Robin Pedersen

Personal information
- Nationality: Norway
- Born: 31 August 1996 (age 29) Oslo, Norway

Sport
- Sport: Skiing
- Club: Stalkameratene IL

World Cup career
- Seasons: 2018–2020, 2022
- Indiv. starts: 47
- Indiv. podiums: 1
- Team starts: 3
- Team podiums: 1
- Team wins: 1

Achievements and titles
- Personal bests: 225.0 m (738.2 ft) Tauplitz/Bad Mitterndorf, 15 February 2020

Medal record
Men's ski jumping
Representing Norway
World Championships
| Bronze medal – third place | 2025 Trondheim | Team LH |
Junior World Championships
| Silver medal – second place | 2016 Râșnov | Team NH |

= Robin Pedersen =

Norwegian ski jumper (born 1996)

Robin Mattias Johannes Pedersen (born 31 August 1996) is a Norwegian ski jumper.
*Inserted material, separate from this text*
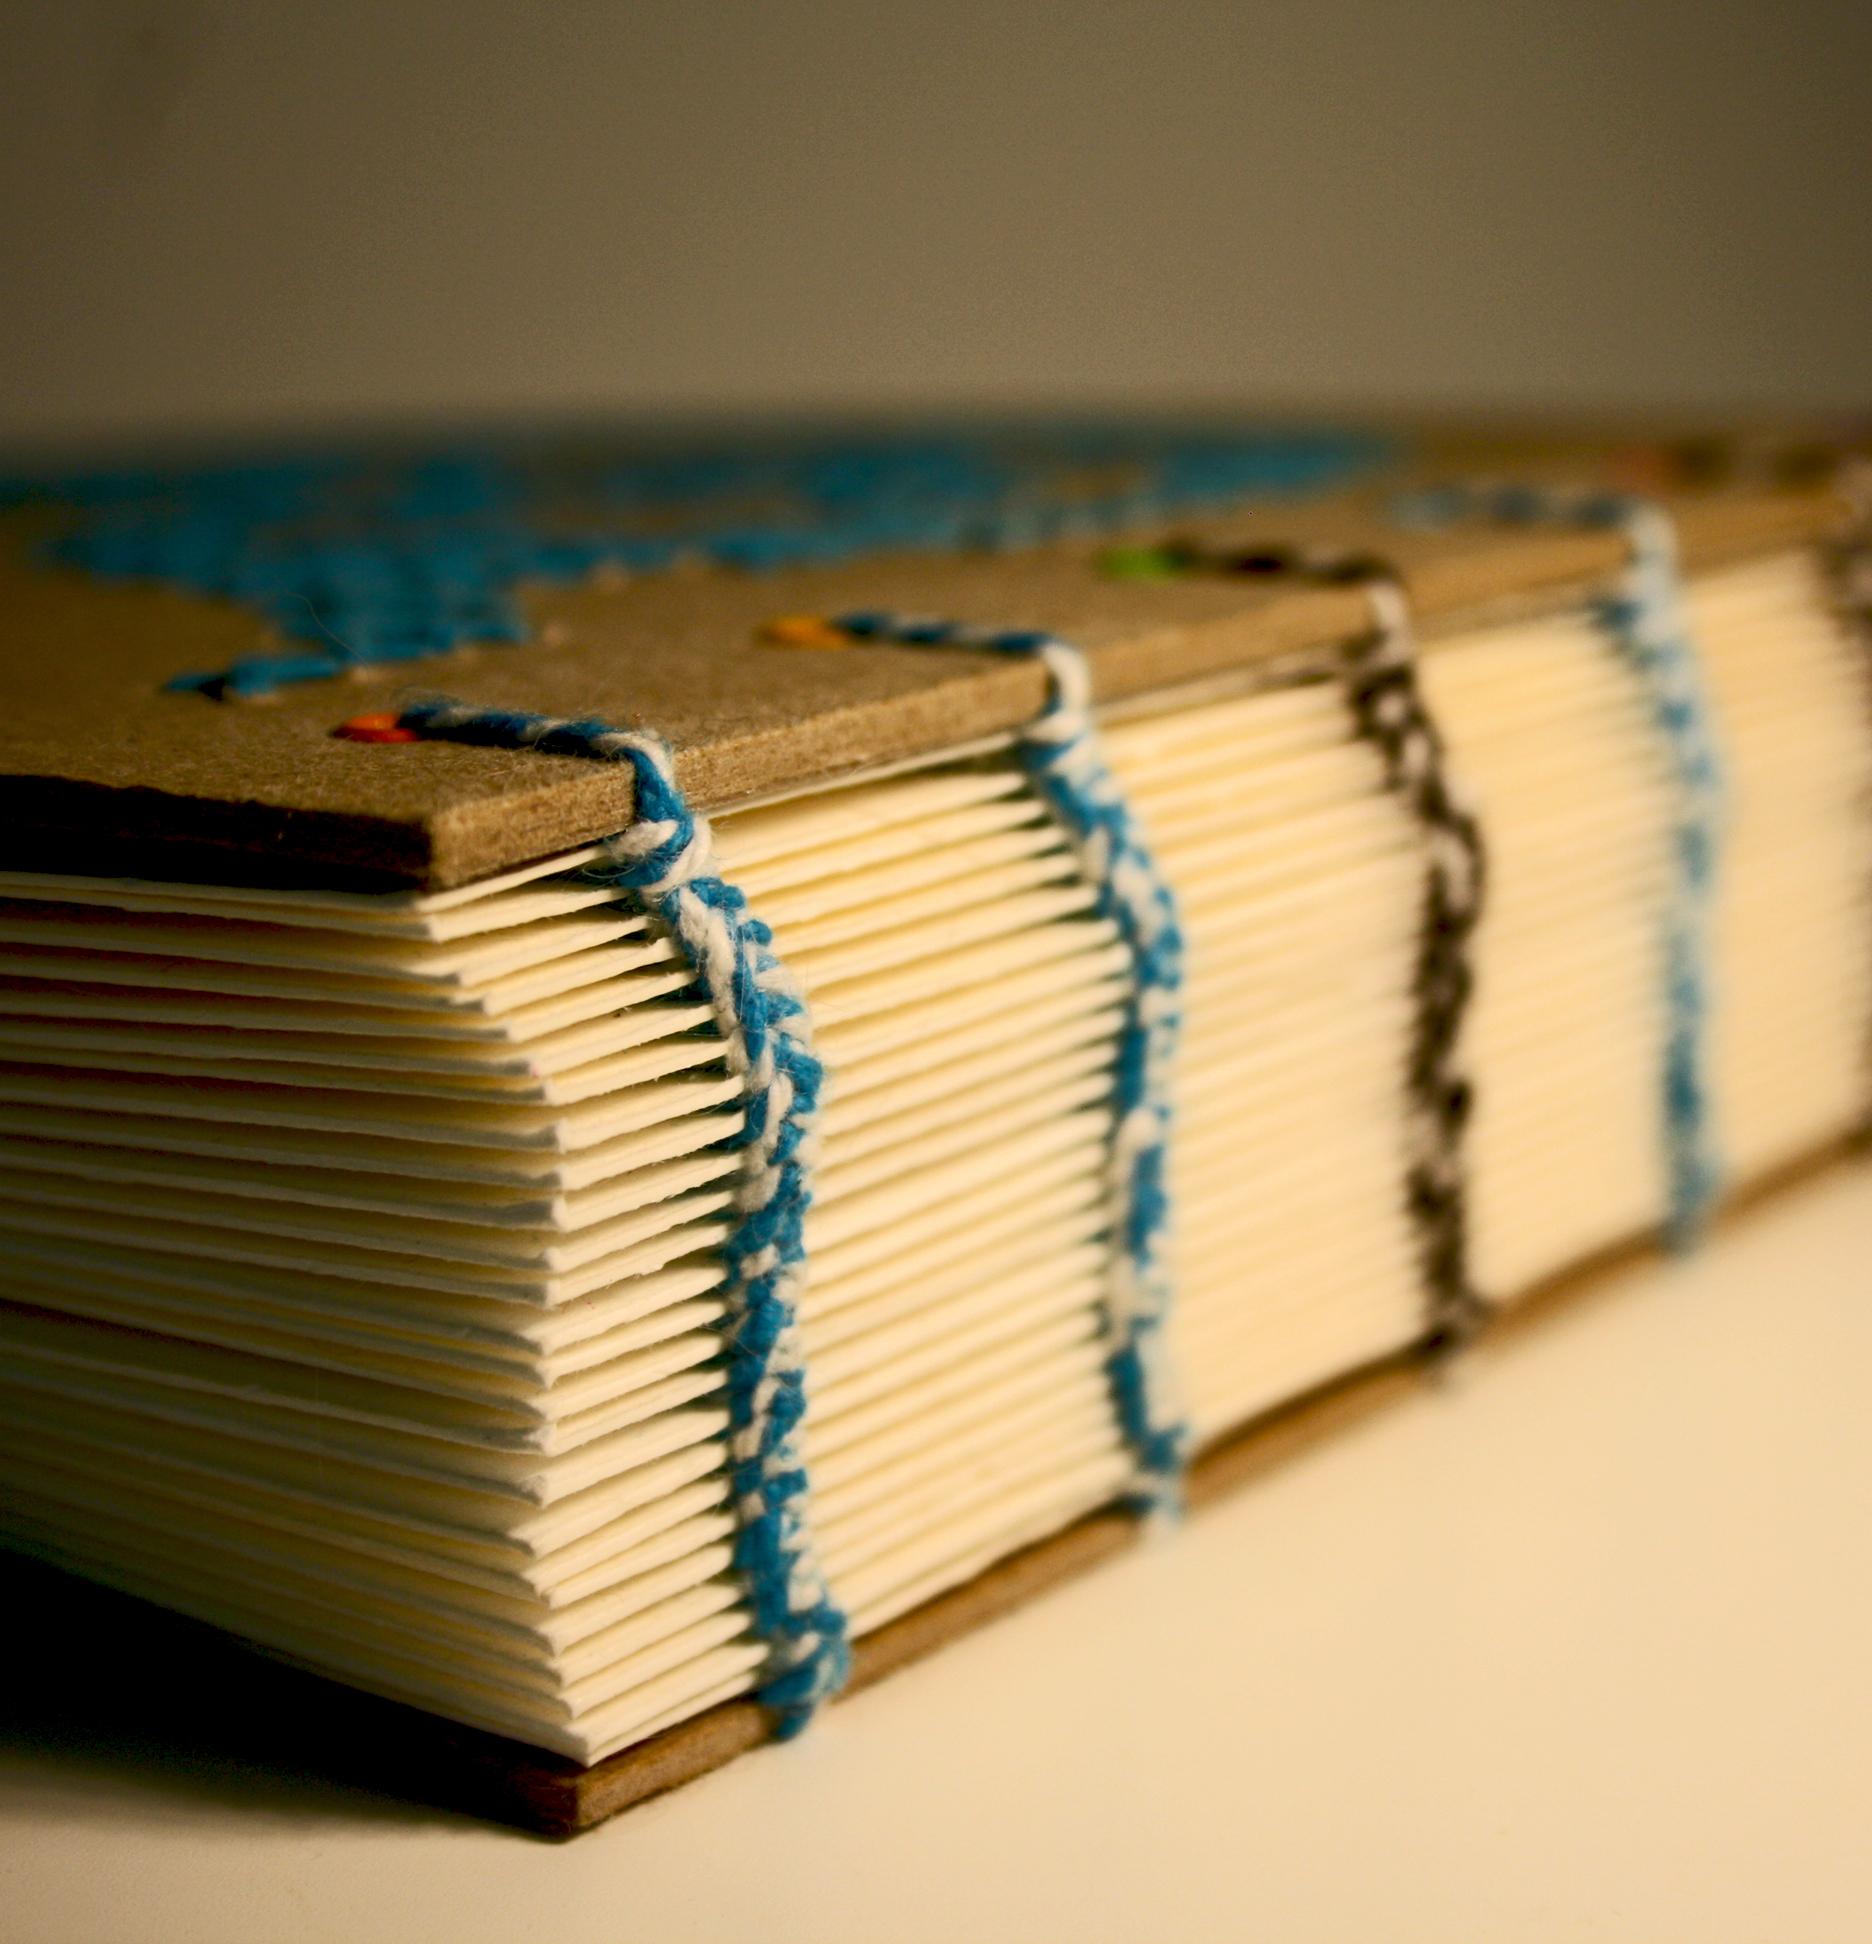 Bookbinding - Cross stitch - Create - spine.jpg

At the 2016 Junior World Championships he won a silver medal in the team competition and placed 22nd in the normal hill. He made his Continental Cup debut in December 2015 in Rovaniemi, recording his first podiums in December 2018 in Lillehammer with a third place before managing back-to-back victories the next week in Ruka.

He made his FIS Ski Jumping World Cup debut in March 2018 at the Holmenkollen ski festival. He collected his first World Cup points with a 30th place on New Years' Day 2019, later breaking the top 20 with an 18th place in Bischofshofen, both as part of the 2018-19 Four Hills Tournament where he finished 33rd overall.

He represents the sports club IL Stålkameratene. He is a son of ski jumper and national team coach Trond Jøran Pedersen.